Kennedy was the last of America’s great statesmen; a movie star president; the last of the famous international playboys. His short, glamorous life and untimely death is of course immensely intriguing. Listen to the speeches, read the books; here was a genuine man of the people, several light years ahead of his time. His story, and that of the Kennedy family, is one that never grows old.

Which is why when waiting in LA for a flight to Mexico it dawned on me that I could make an unplanned stopover in Dallas to visit the location of one of the 20th century’s most important moments. I also got to sell it to my wife because she realised she could visit Southfork Ranch. Discussion over.

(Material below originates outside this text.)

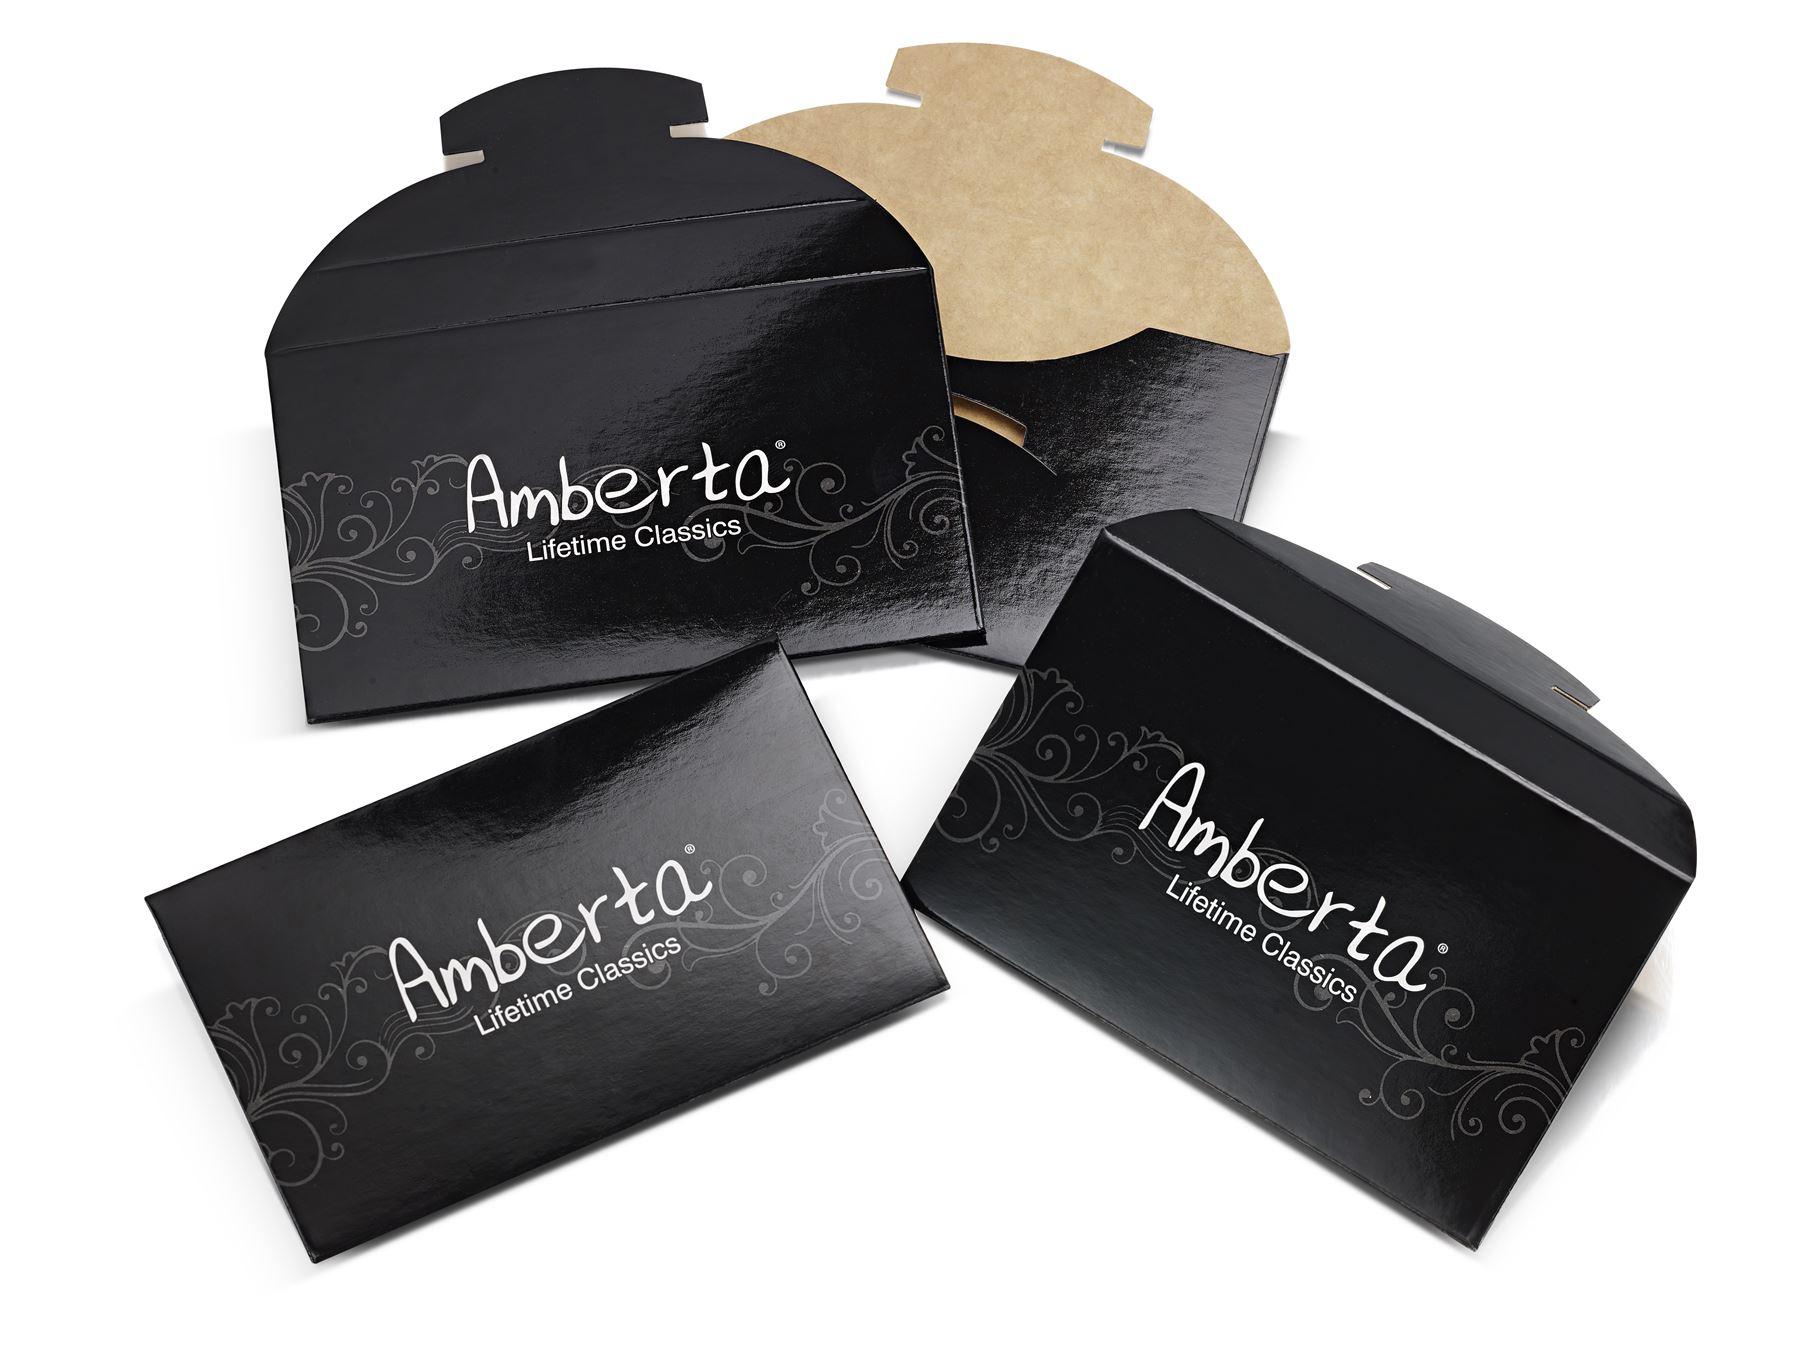 Amberta-Bijoux-Bracelet-en-Vrai-Argent-Sterling-925-Chaine-pour-Femme-a-la-Mode thumbnail 21

As something of a museum fiend I don’t say this lightly when I nominate The Sixth Floor Museum as the best museum I’ve ever visited. For a start it’s housed in the old Texas School Book Depository which is the building in which Lee Harvey Oswald fired his bolt-action rifle. You actually get to stand within touching distance of the exact spot from which the world briefly stood still. And you don’t get to say that about the Tate Modern.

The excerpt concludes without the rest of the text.